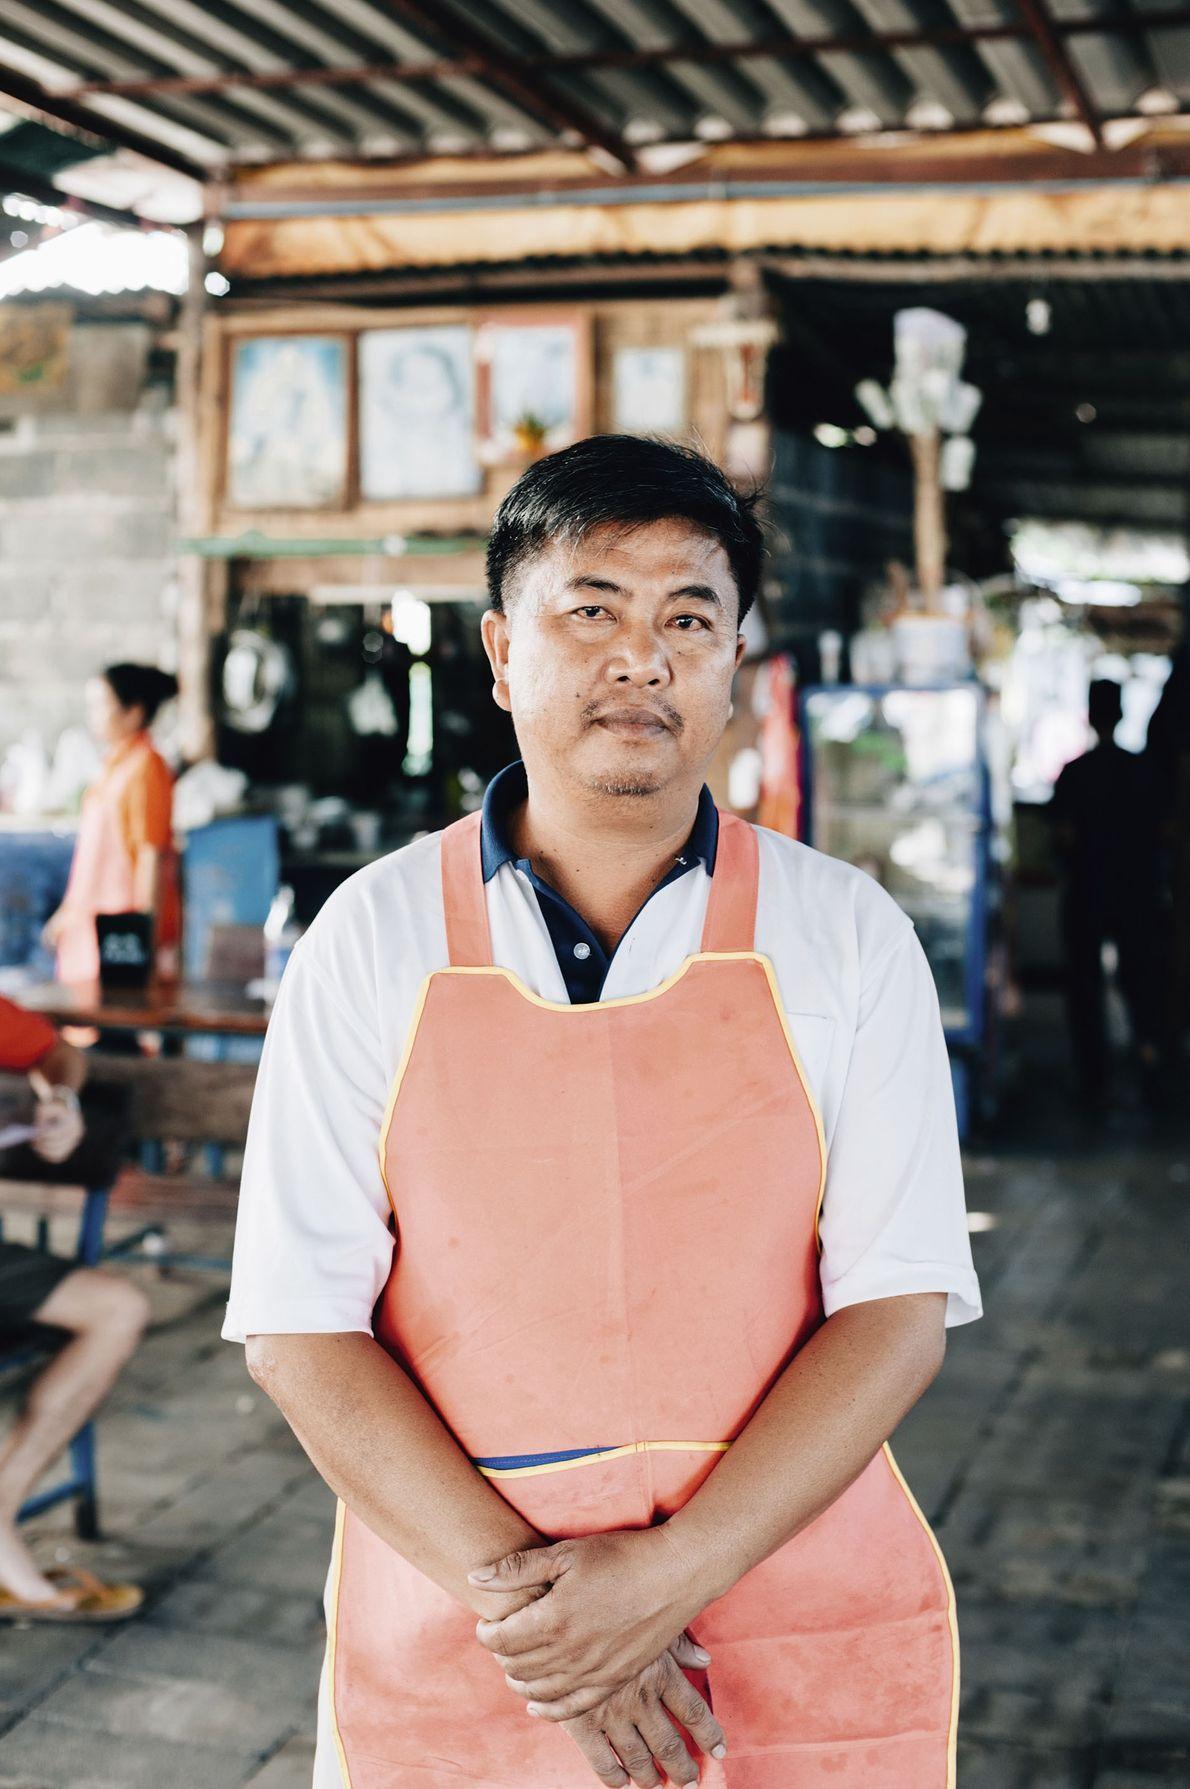 A man in Nakhon Phanom
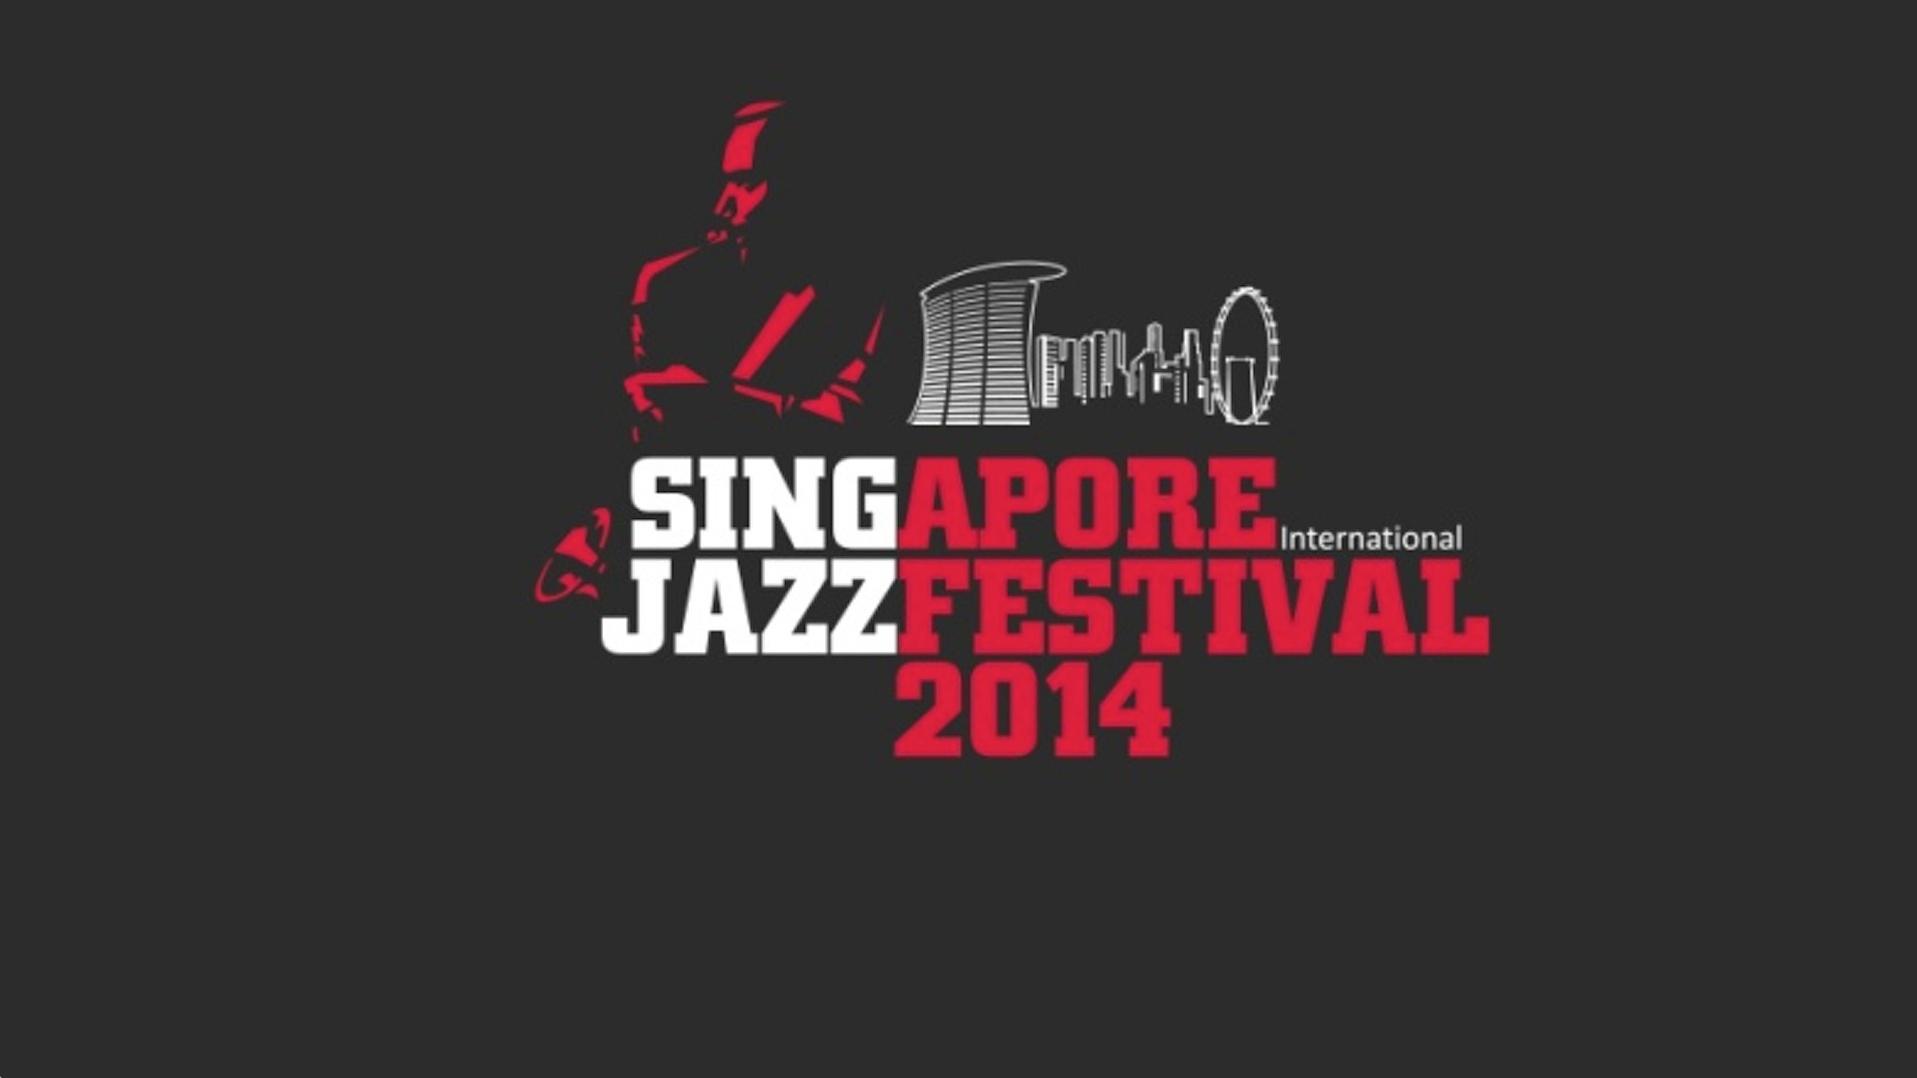 Singapore International Jazz Festival (Day 1)
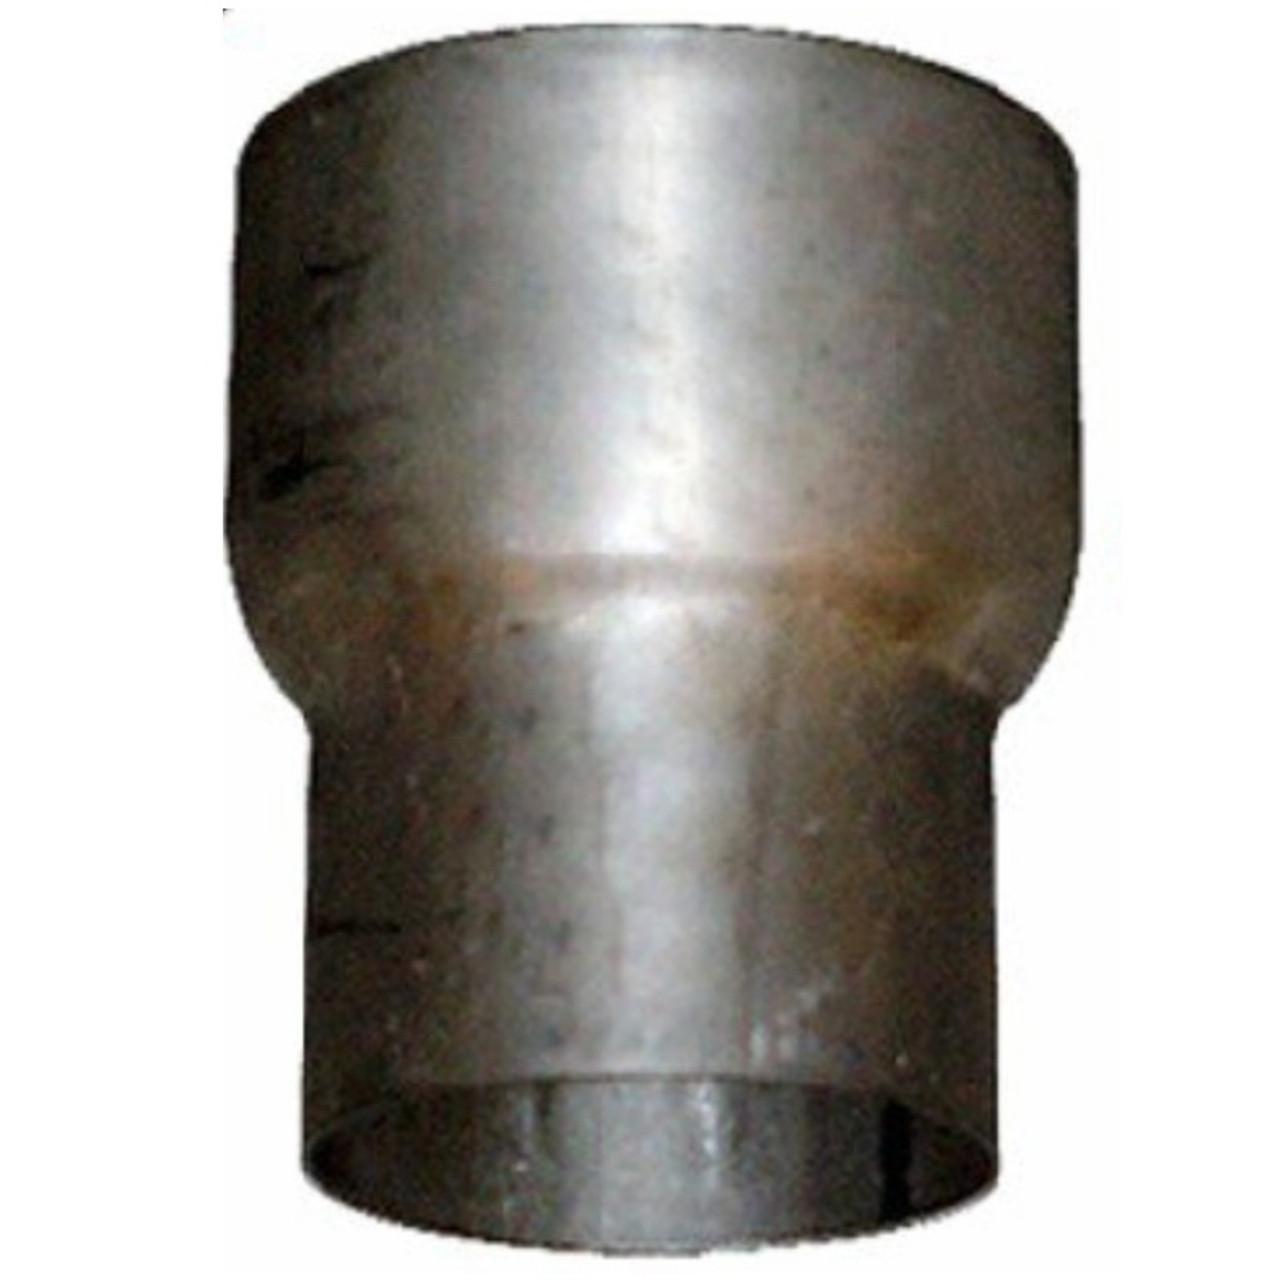 7 od to 5 od exhaust reducer aluminized pipe r7o 5oa
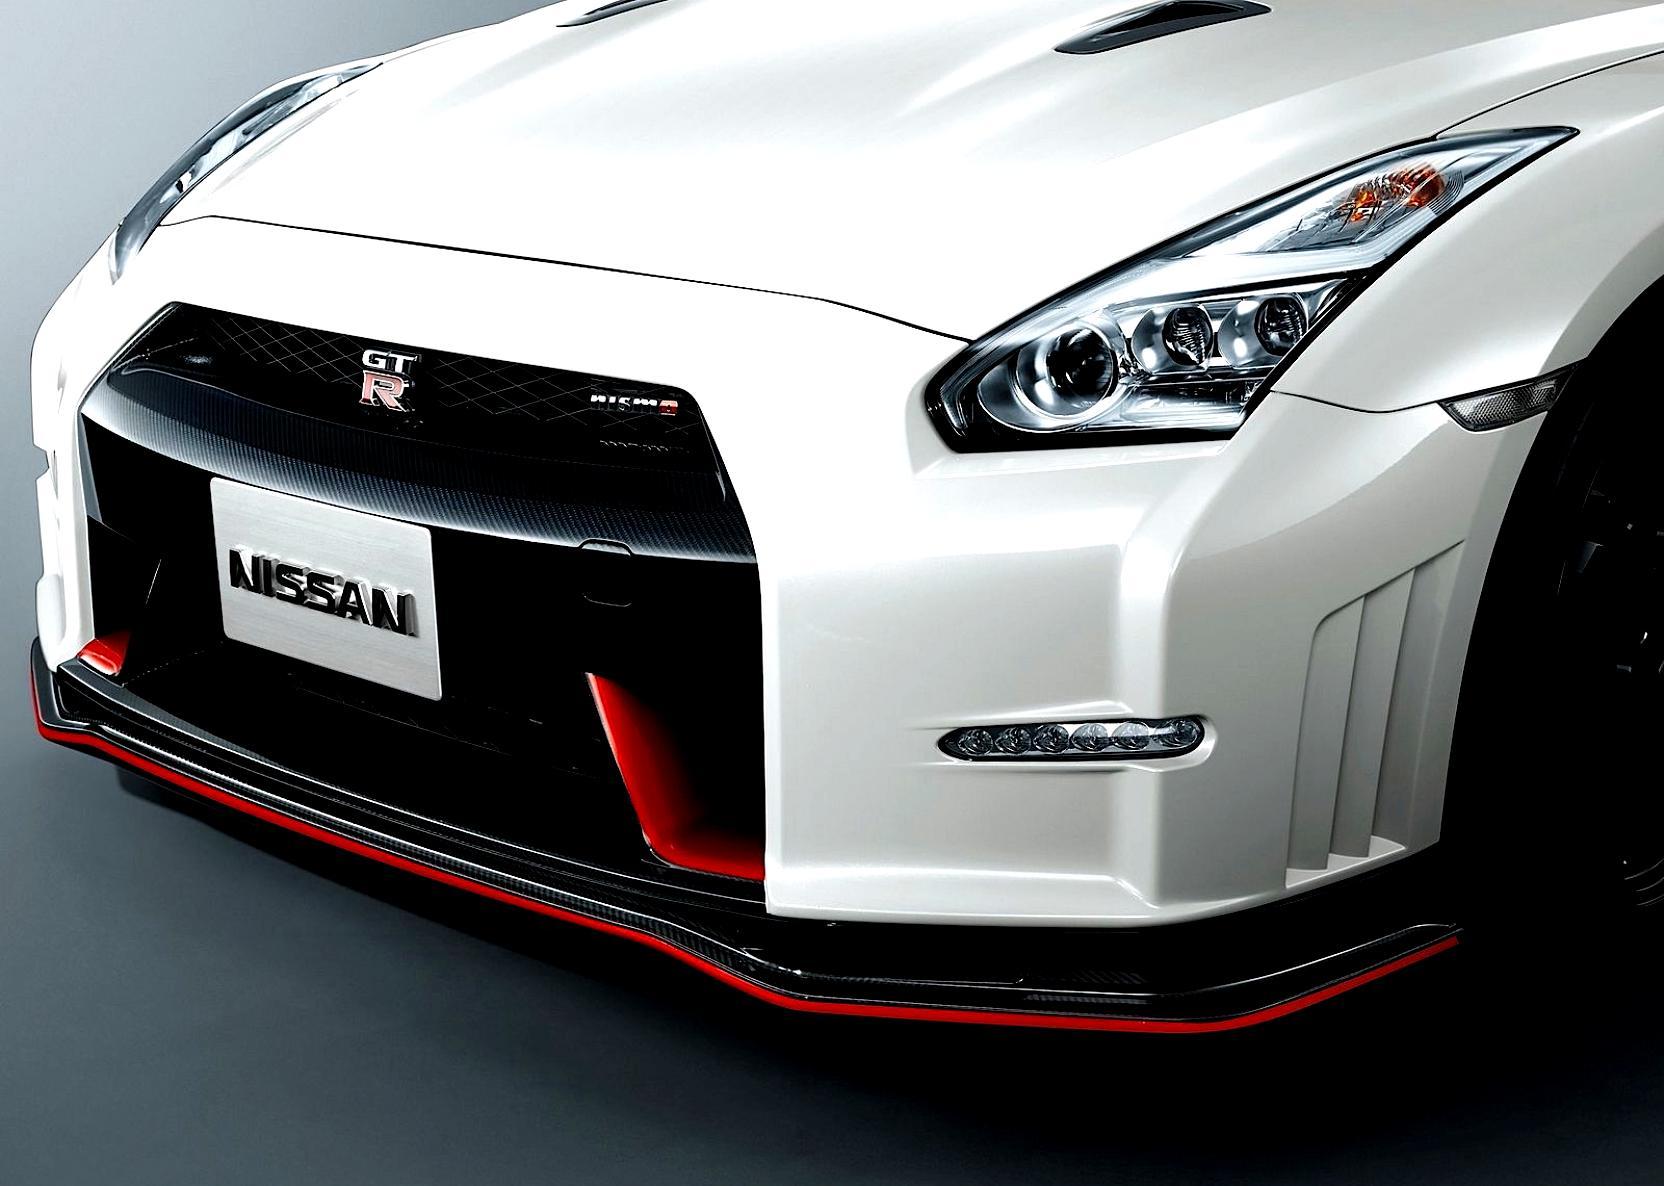 2013 Nissan Juke Tire Size >> Nissan GT-R R35 Nismo 2014 on MotoImg.com

### Problem details:
Word-for-word repeat, images excluded: return all the data.

### Output of the task:
 A man in Nakhon Phanom
 Singapore International Jazz Festival (Day 1)
 7 od to 5 od exhaust reducer aluminized pipe r7o 5oa
 2013 Nissan Juke Tire Size >> Nissan GT-R R35 Nismo 2014 on MotoImg.com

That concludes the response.